**Dataset section:**

====

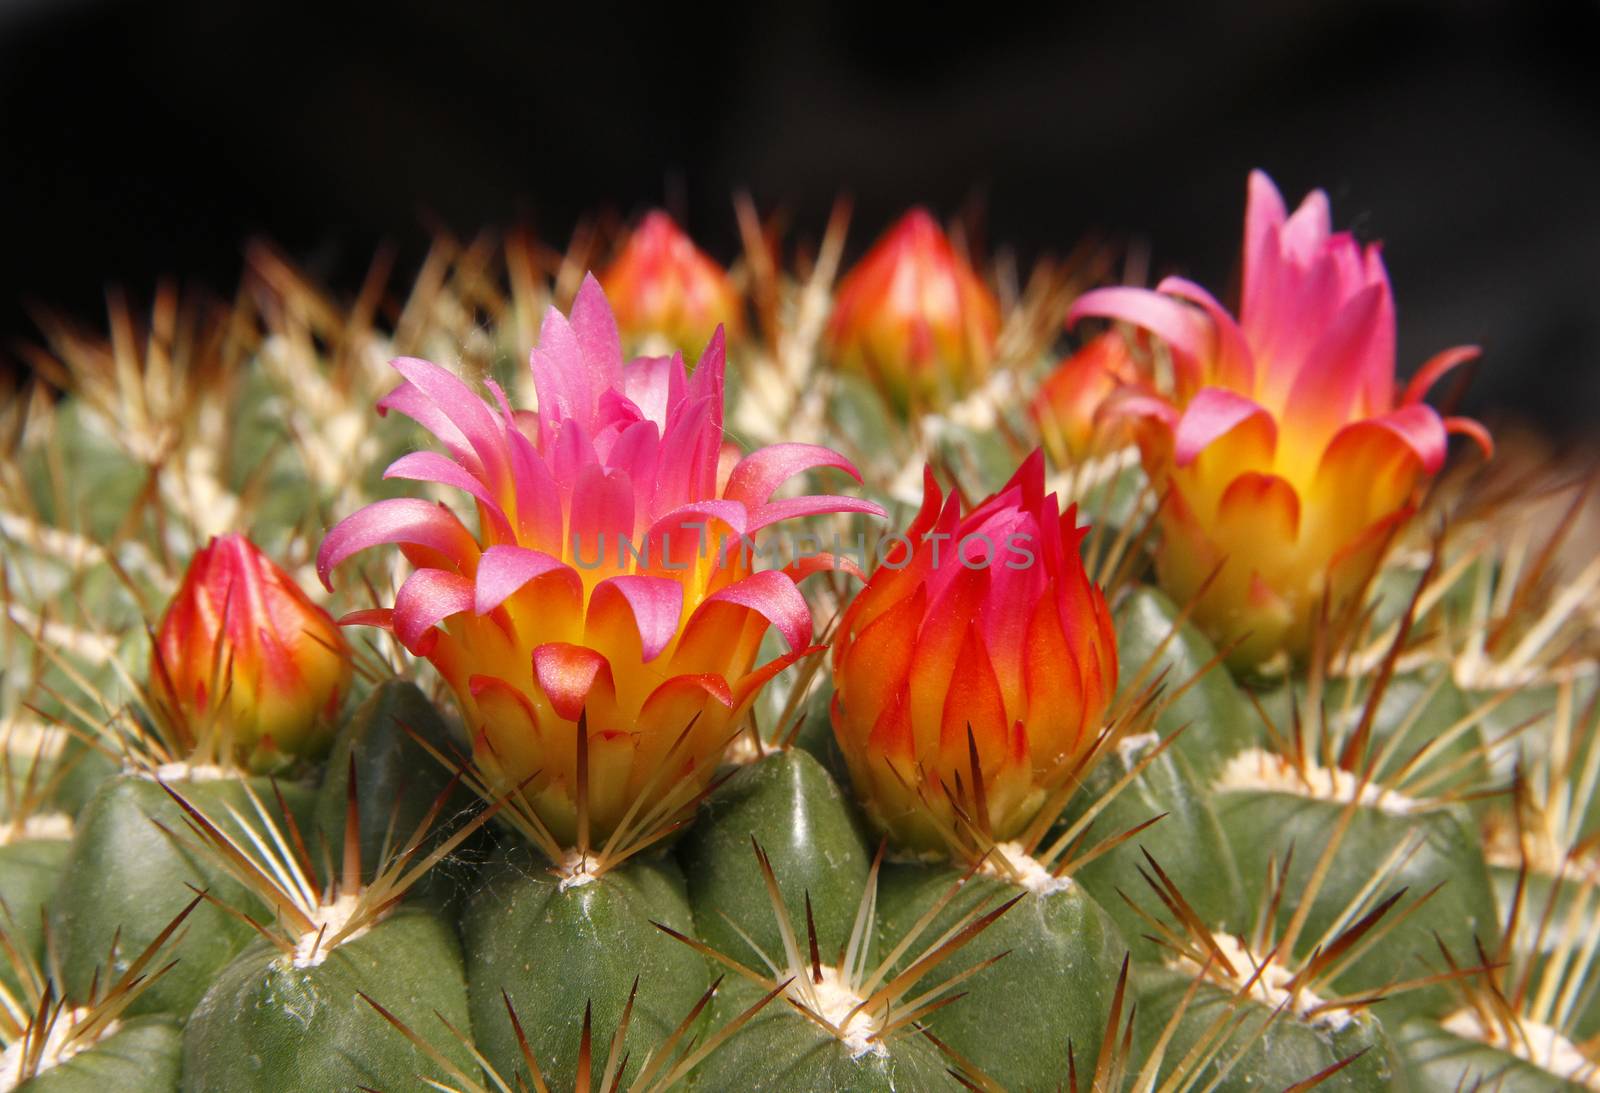 cactus flower_3 by gallofoto
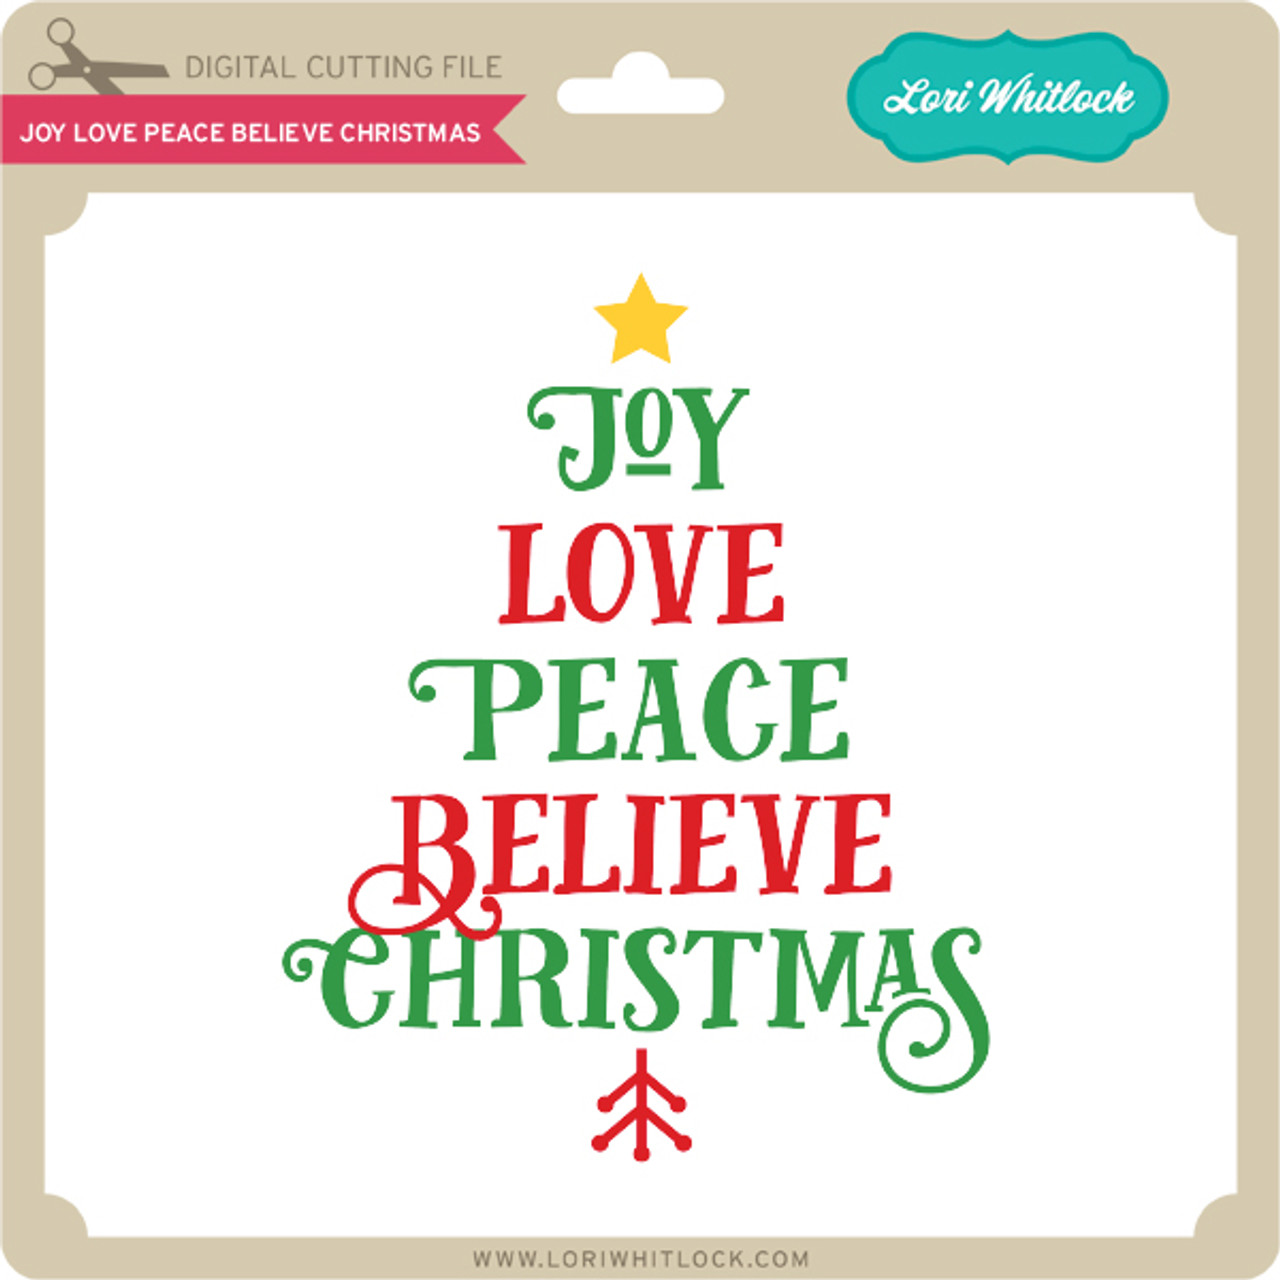 https://cdn11.bigcommerce.com/s-zlf3iiy2/images/stencil/1280x1280/products/8357/8867/LW-Joy-Love-Peace-Believe-Christmas__85304.1510645508.jpg?c=2
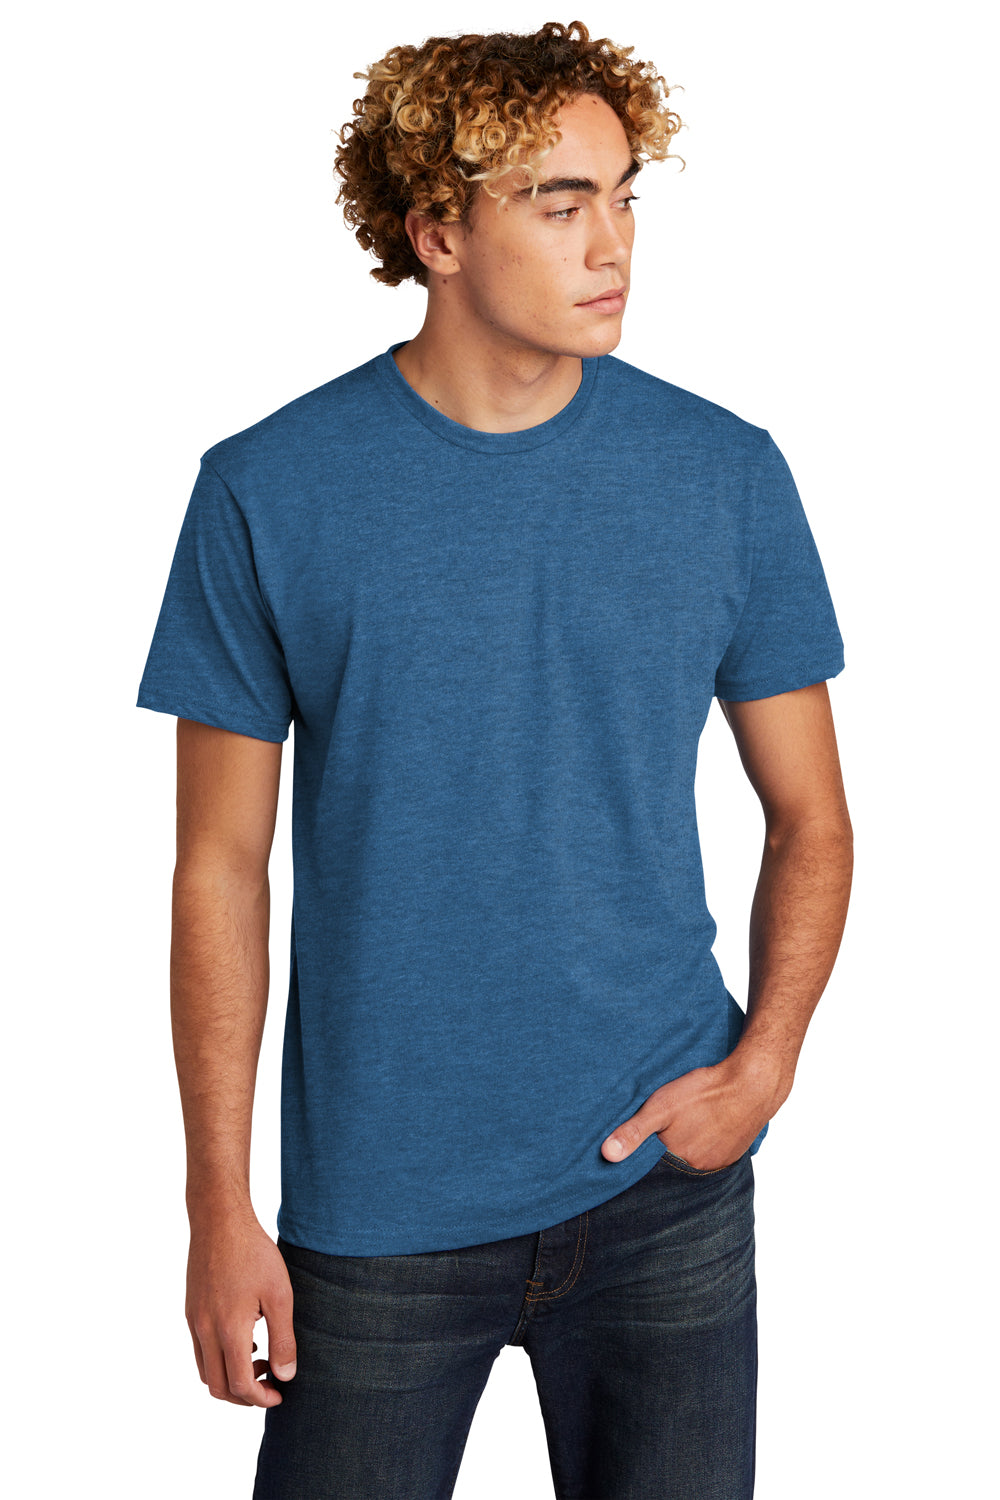 Next Level 6210 Unisex CVC T-Shirt - Heather Cool Blue - Xs
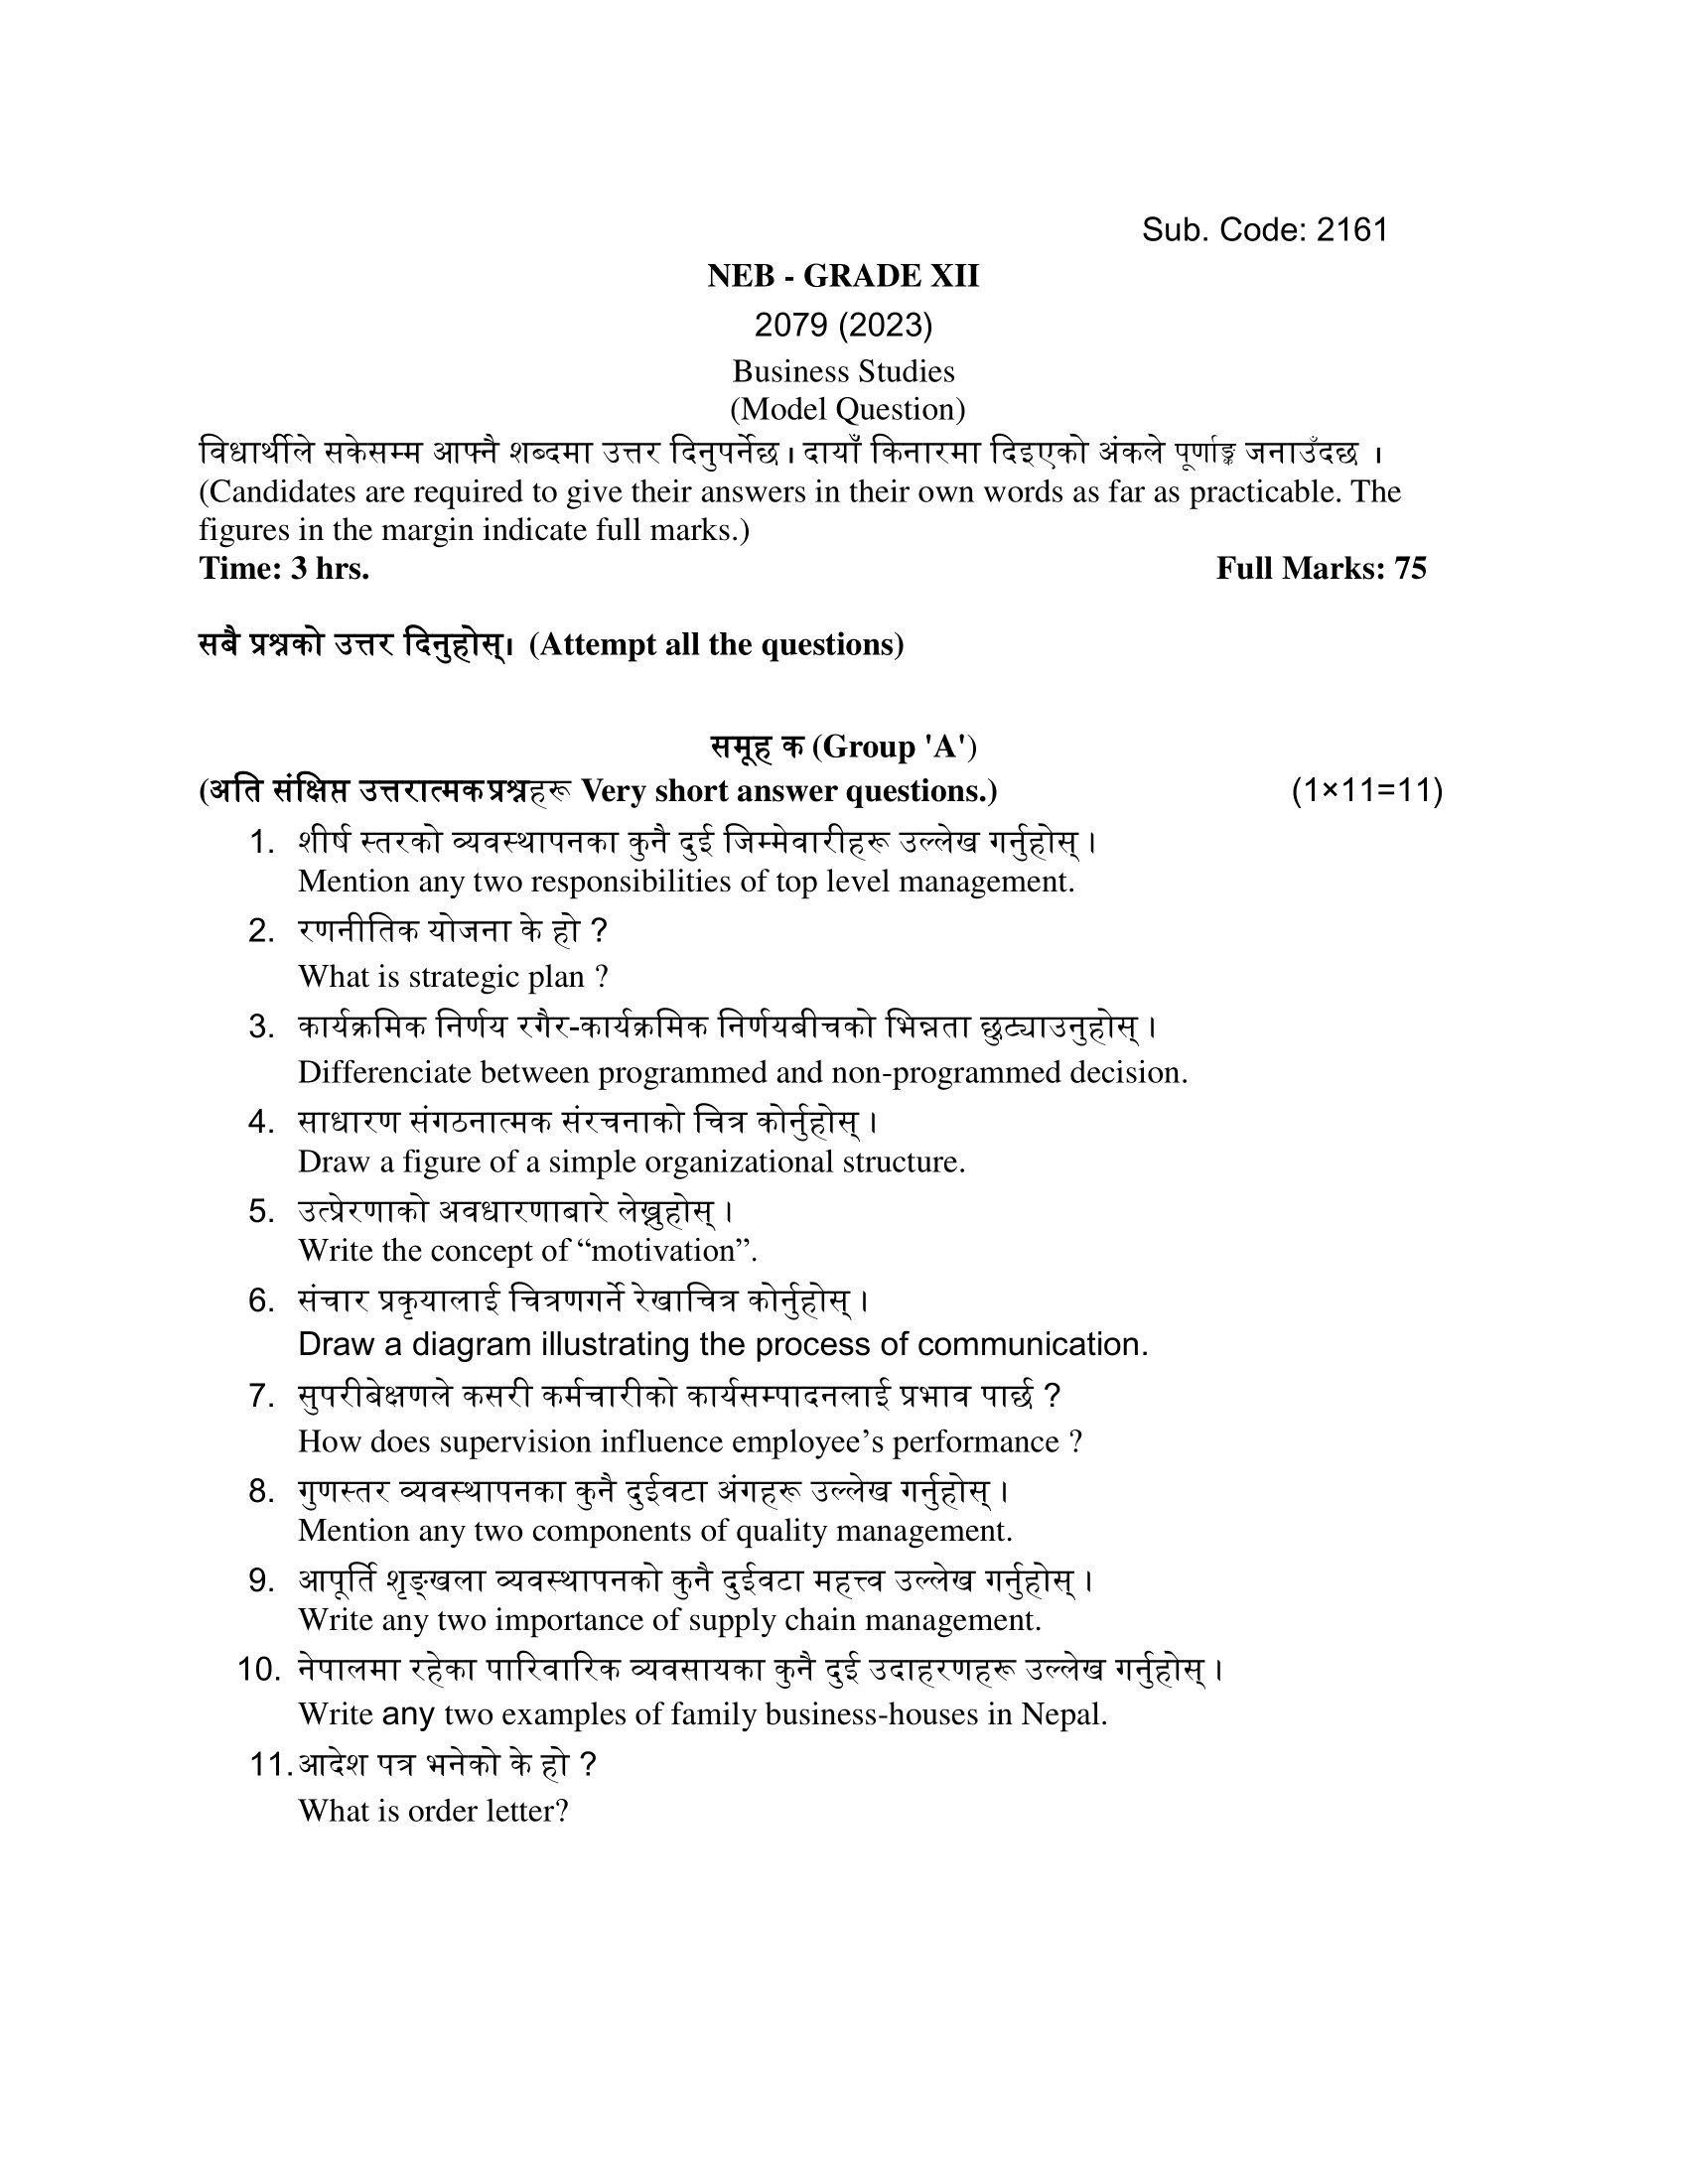 NEB Class 12 Business Studies Model Question Paper 2080

====

**Required action:**
Repeat the data word for word. Images are not part of the copy.

**Result of the exercise:**
 cactus flower_3 by gallofoto
 https://cdn11.bigcommerce.com/s-zlf3iiy2/images/stencil/1280x1280/products/8357/8867/LW-Joy-Love-Peace-Believe-Christmas__85304.1510645508.jpg?c=2
 Next Level 6210 Unisex CVC T-Shirt - Heather Cool Blue - Xs
 NEB Class 12 Business Studies Model Question Paper 2080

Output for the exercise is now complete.